Альфред проследил за моим взглядом и поднял брови.
— Похоже, я вовремя. Помогу тебе.
— А если мистер Гамильтон…
— Он не хватится меня еще полчаса или около того, — Альфред улыбнулся и показал на дальний конец полки. — Я начну отсюда, и мы встретимся посередине.
Я кивнула, чувствуя смущение и благодарность.
Альфред вынул из кармана куртки тряпку, уселся на пол в другом конце галереи и снял с полки книгу. Я следила, как он сосредоточенно вертит ее, обтирая со всех сторон, ставит на полку и берет следующую. Он сидел, скрестив ноги, поглощенный работой, и напоминал мне ребенка, который чудесным образом превратился во взрослого: русая шевелюра, обычно аккуратно причесанная, растрепалась, и челка качалась в такт движениям рук.
Альфред поднял голову и встретился со мной глазами.
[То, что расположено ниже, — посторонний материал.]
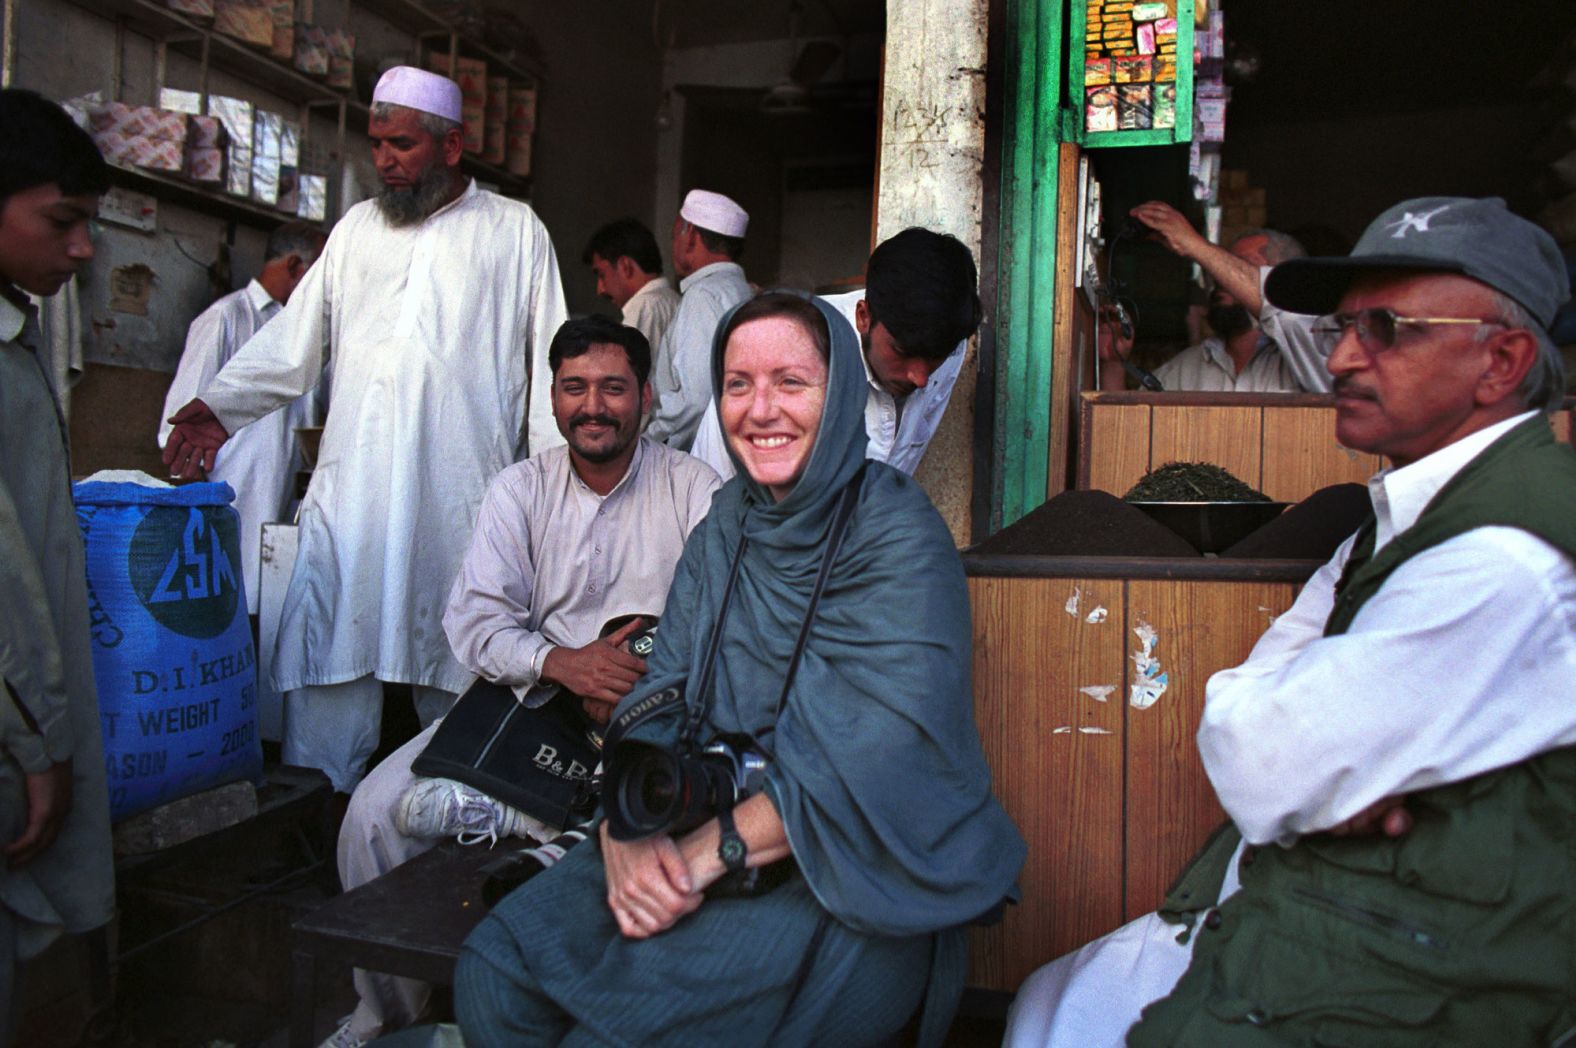 <a href="index.php?page=&url=https%3A%2F%2Fwww.nytimes.com%2Fby%2Fruth-fremson" target="_blank" target="_blank">Ruth Fremson</a>, a staff photographer for The New York Times, works in Pakistan in 2001. She has covered many international news stories during her career, including the war in Iraq and the second intifada in the Middle East. She also covered the 9/11 attacks and their aftermath in Pakistan and Afghanistan. She has won two Pulitzer Prizes and is now based in Seattle, where she covers the Pacific Northwest as well as national stories.
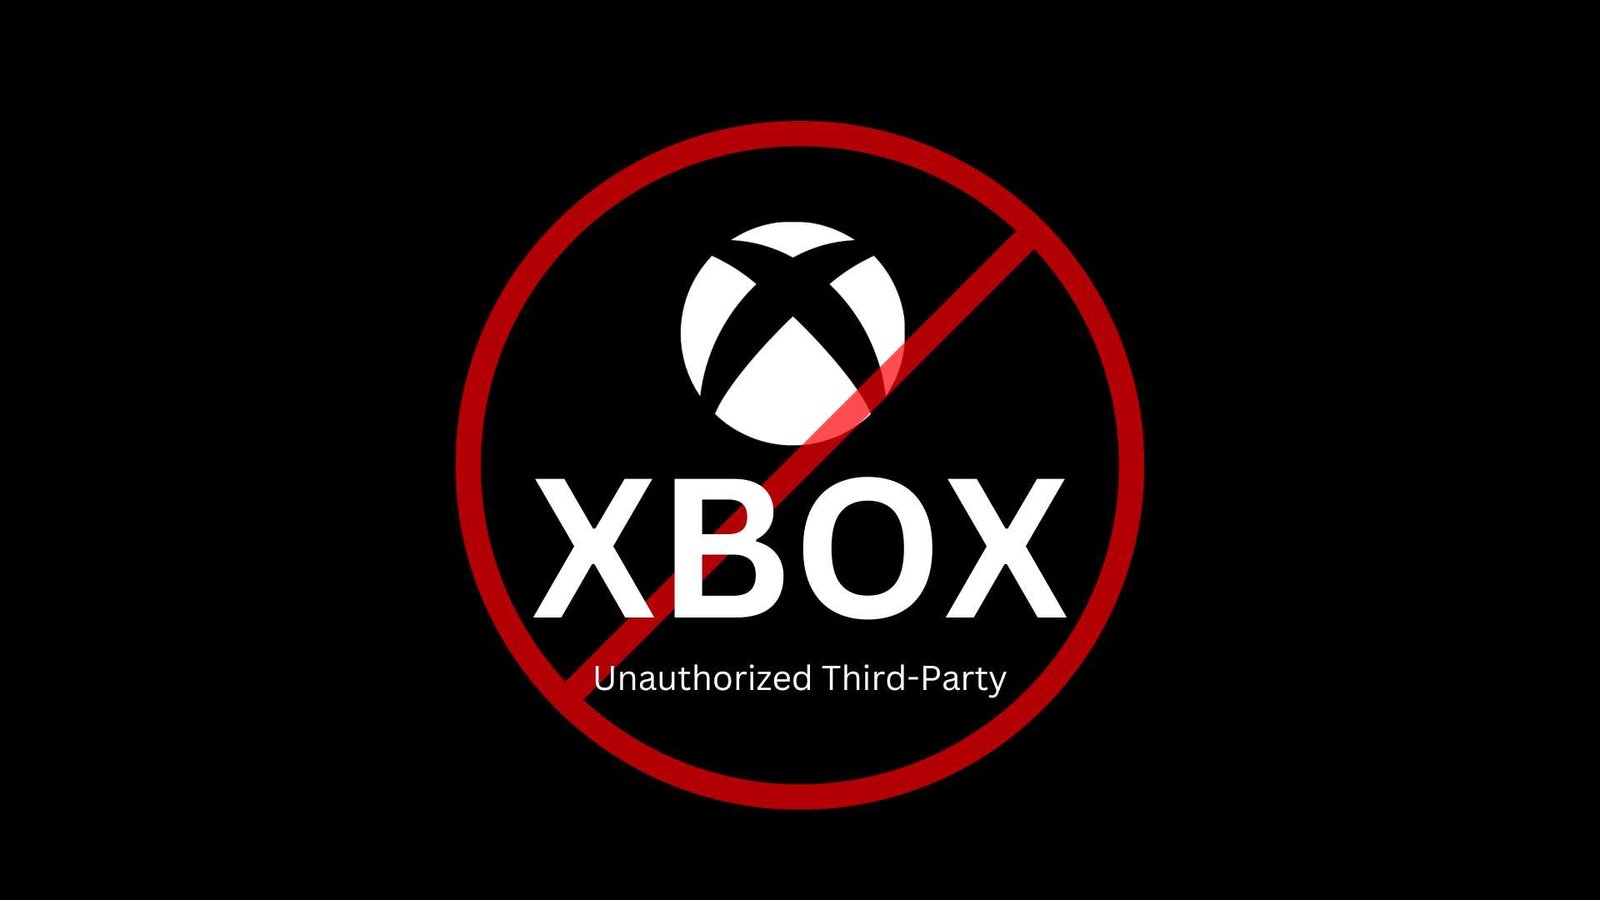 Xbox Crackdown on Unauthorized Third-Party Accessories: Is Your Controller Safe?

Я отвернулась — от его взгляда по всему телу побежали мурашки. Щеки вспыхнули. Неужели он понял, что я его разглядывала? Интересно, он на меня еще смотрит? Я не решалась проверить, чтобы он не подумал чего-нибудь такого. Или не смотрит? Кожу покалывало от воображаемого взгляда.
Так было уже несколько дней. Между нами встало что-то, чему я не могла найти названия. Легкость в отношениях, которую я начала было испытывать, исчезла, сменилась неловкостью, непониманием. Я гадала, не в истории ли с пером все дело. Вдруг он видел, как я глазела на него в деревне? Или еще хуже — выяснил, что это я проболталась обо всем мистеру Гамильтону и остальным.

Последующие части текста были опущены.